Снова никакого впечатления. Боже! Какая беспечность! Забыть про всякую осторожность! Стражники подкрались, прячась за коровами, подгоняли их все ближе и напали на нас врасплох. Стыд и унижение невыносимо жгли меня. Нет, это не моя Блаблация, с которой я простился много лет назад. А ведь друзья предупреждали, столько порассказали мне во время полета…

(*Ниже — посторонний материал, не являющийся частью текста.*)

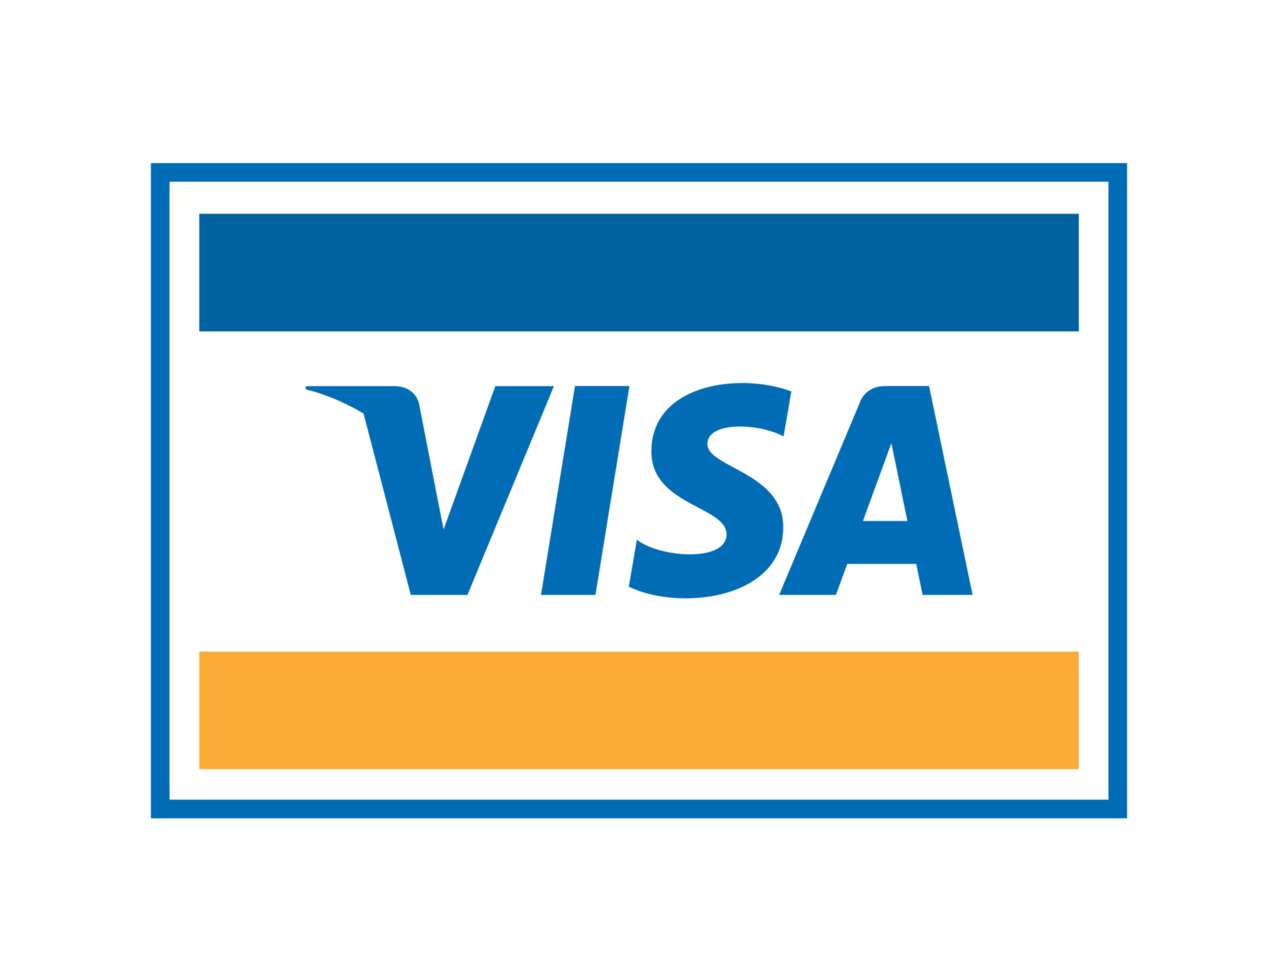 Visa logo png, Visa icon transparent png

— Да вы что, совсем обалдели, не узнаете меня? — Бухло изо всех сил упирался каблуками. — Помните, я схватил разбойника Дайкошеля? И передал его вам? Я из королевской артиллерии!
— А я придворный кот. — Мяучар извивался, пытаясь вырваться. — Король помнит о нашей верной службе и незамедлительно освободит нас.
Бульдоги волокли нас полевой дорогой.
— Тихо! А то как двину! — пригрозил капрал. — Вы что, дураки, не знаете, что короля давно из замка поперли? У власти Люди Чистых Рук! А вы посмотрите только на ваши руки… Грязь кусками отваливается, словно на руках ходите… Под суд пойдете! Уж там вам справят баню!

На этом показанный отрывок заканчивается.